* _Exercise aim_
No pictures, nothing altered: return the data below.

* _Data segment_
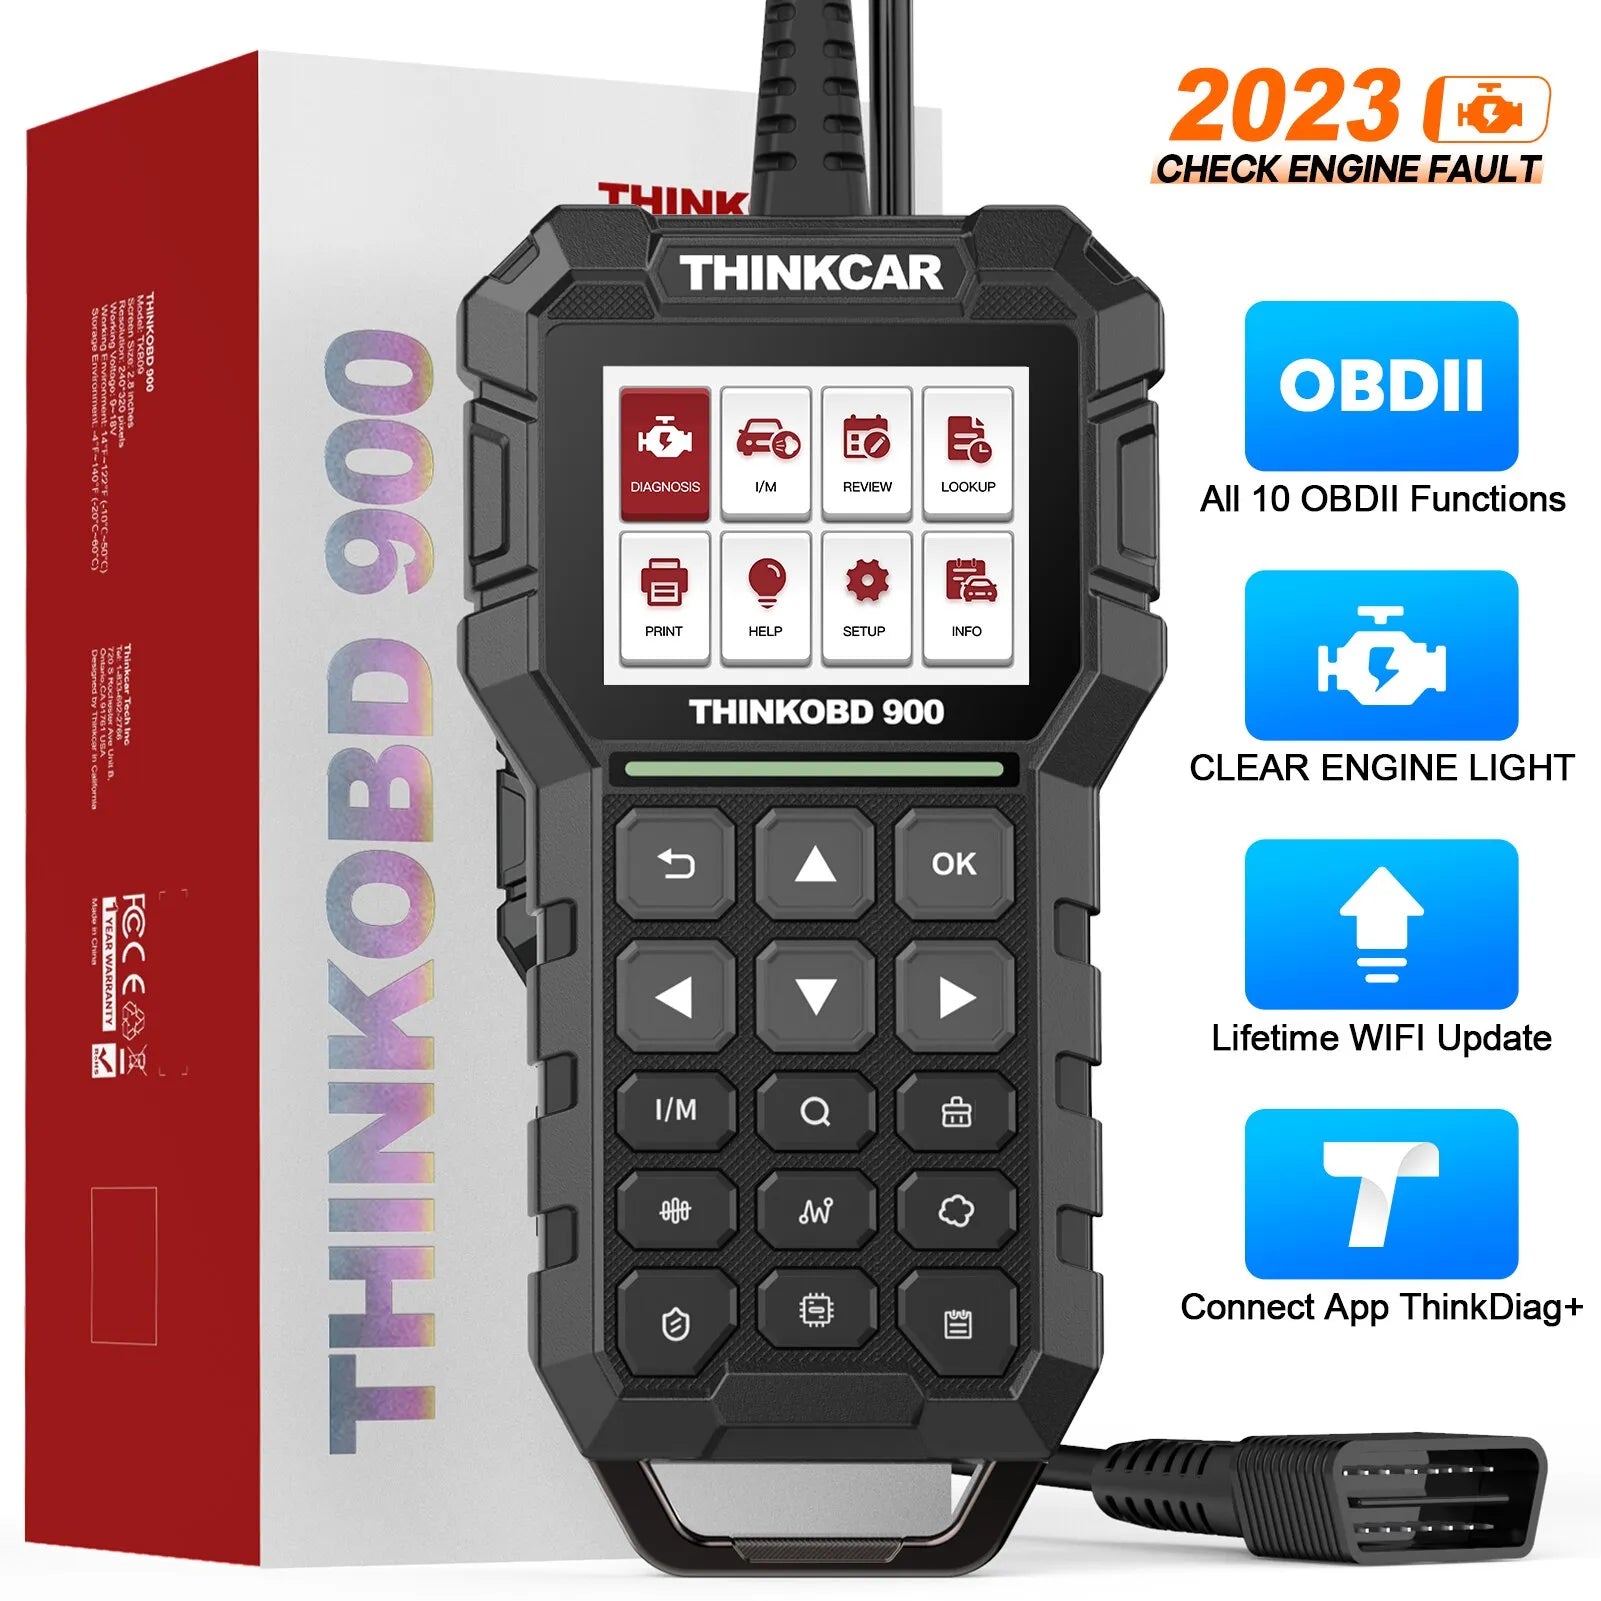 THINKCAR THINKOBD 900 OBD2 Scanner Engine Fault Light Check Code Reader Full OBDII Function Lifetime Free Car Diagnostic Tools
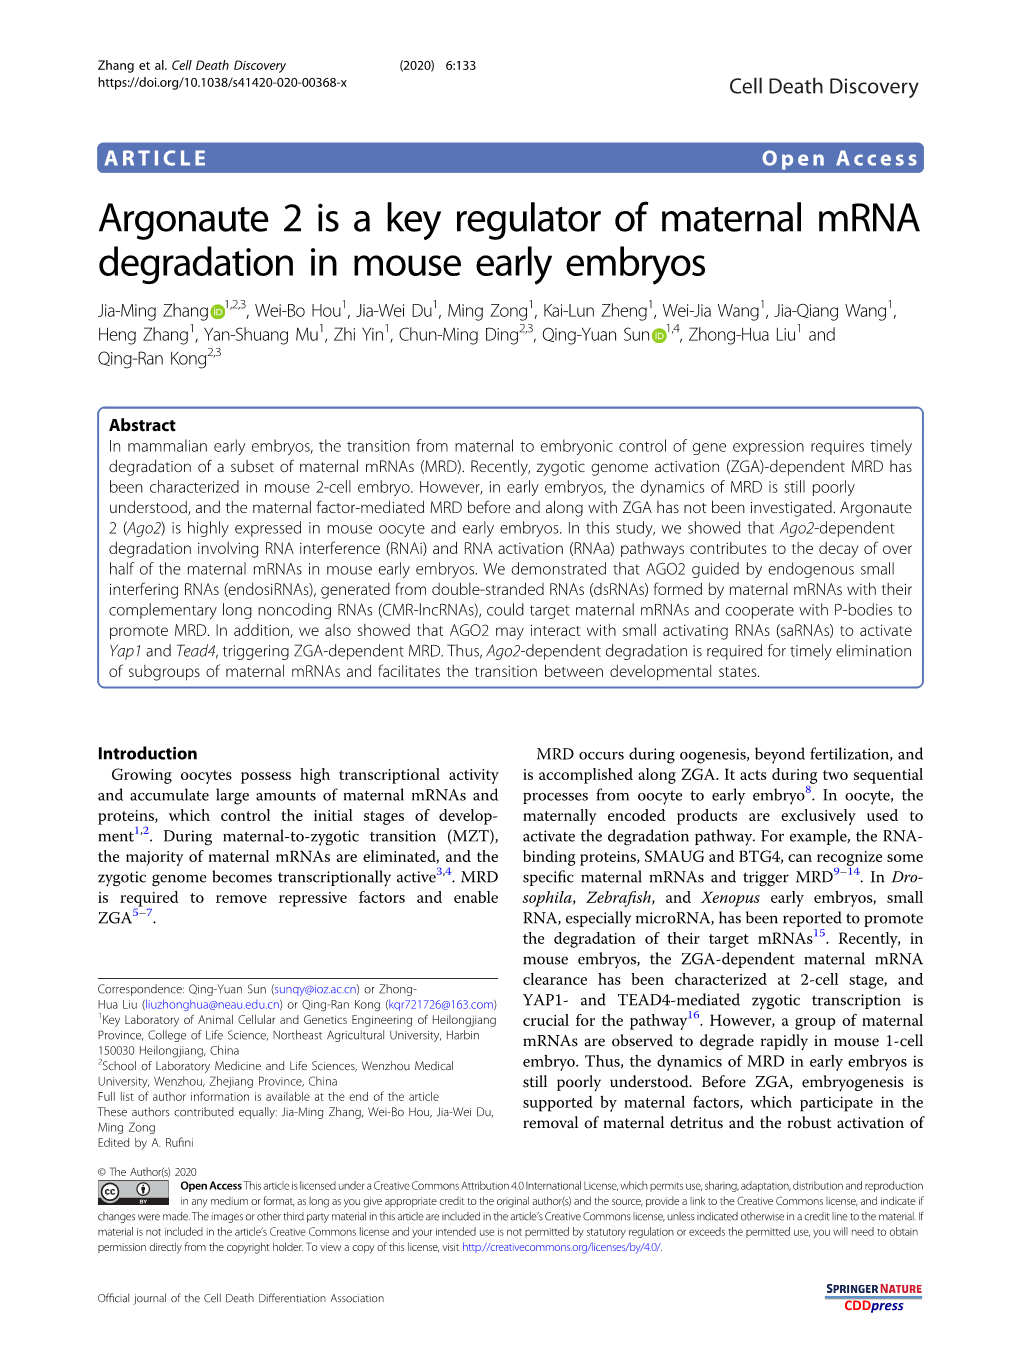 Argonaute 2 Is a Key Regulator of Maternal Mrna Degradation In
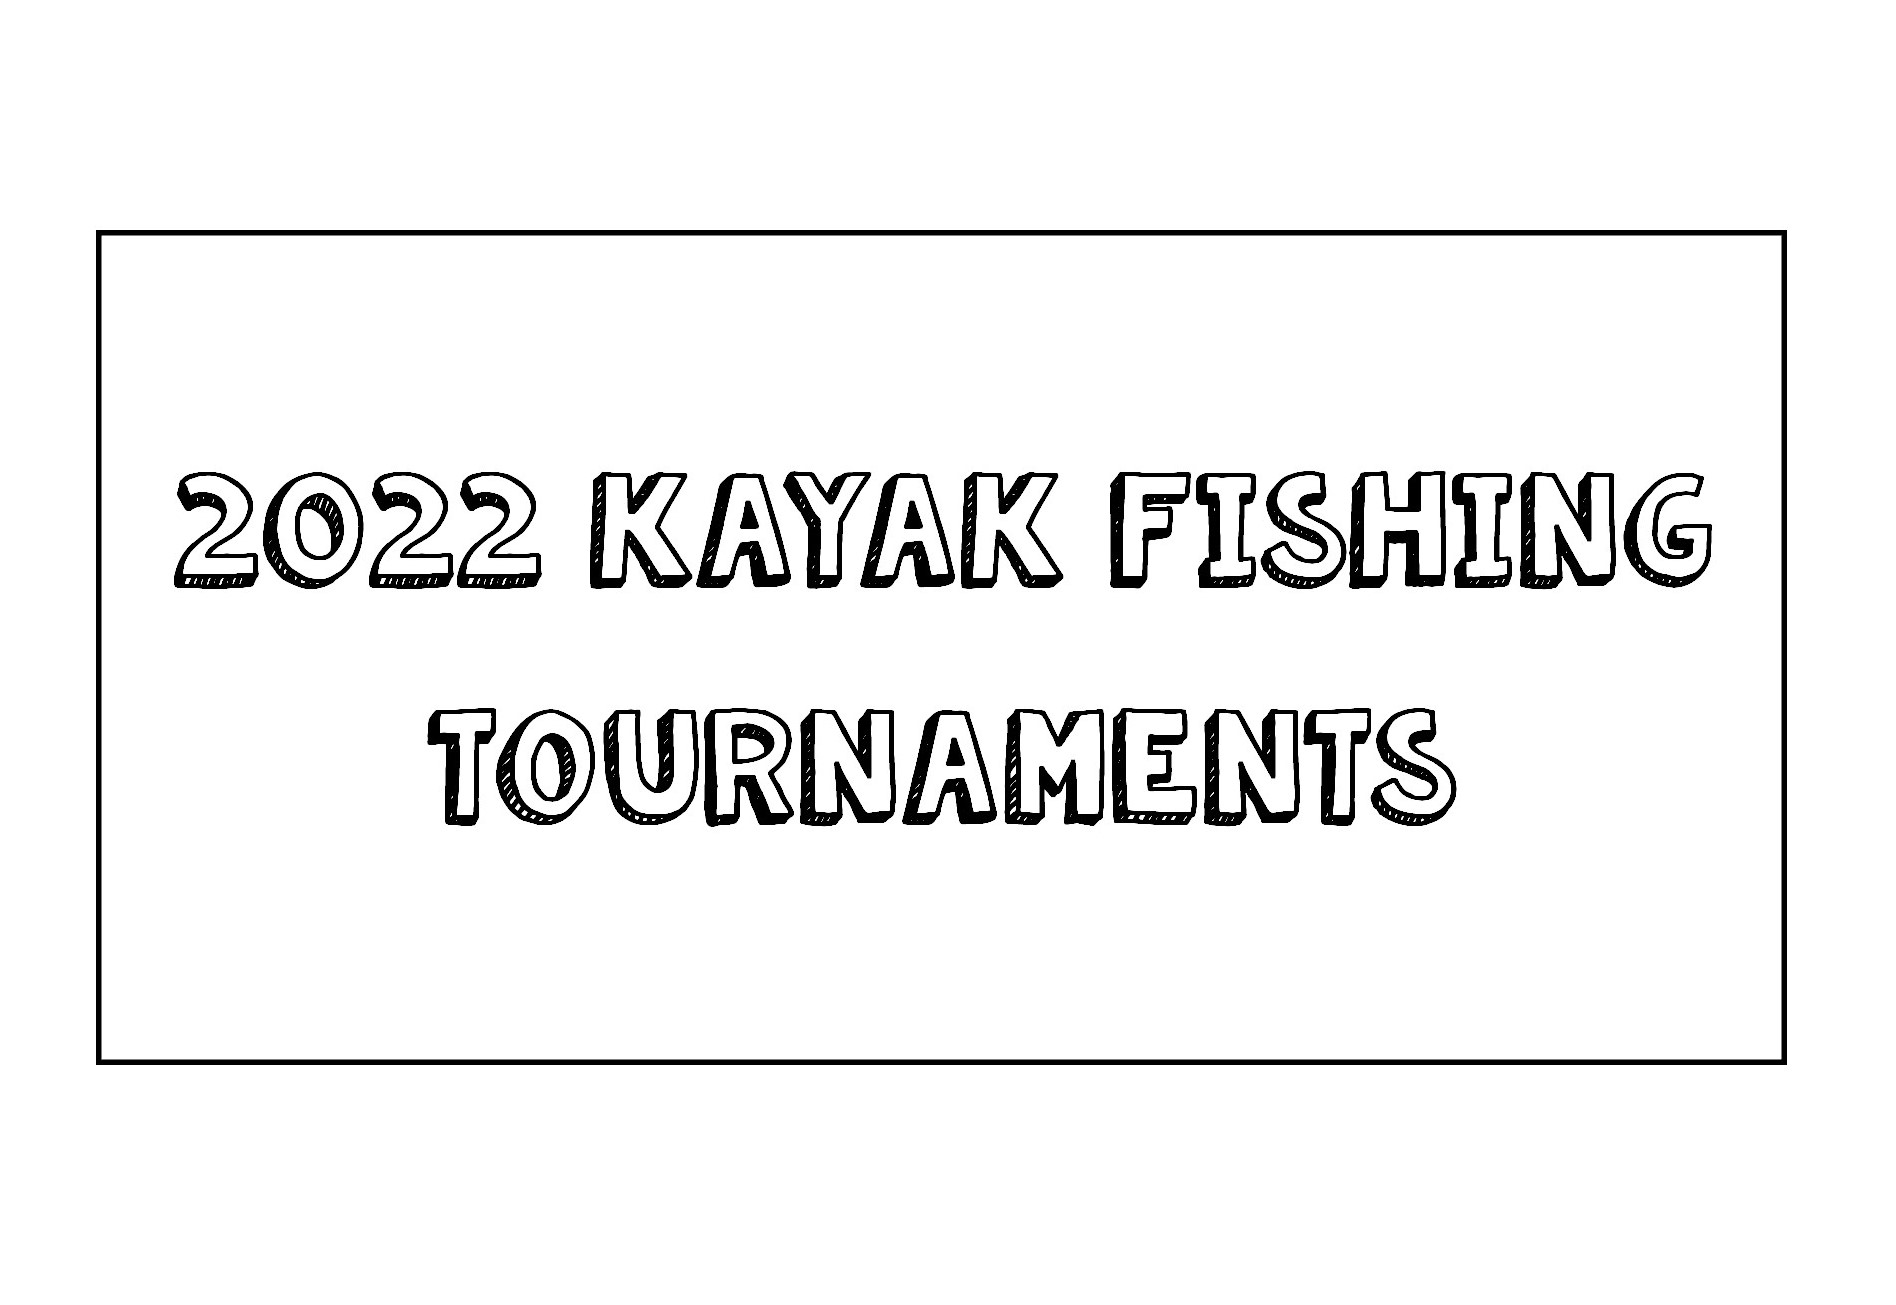 Text: 2022 Kayak Fishing Tournaments

* _Result below_
 THINKCAR THINKOBD 900 OBD2 Scanner Engine Fault Light Check Code Reader Full OBDII Function Lifetime Free Car Diagnostic Tools
 Argonaute 2 Is a Key Regulator of Maternal Mrna Degradation In
 Text: 2022 Kayak Fishing Tournaments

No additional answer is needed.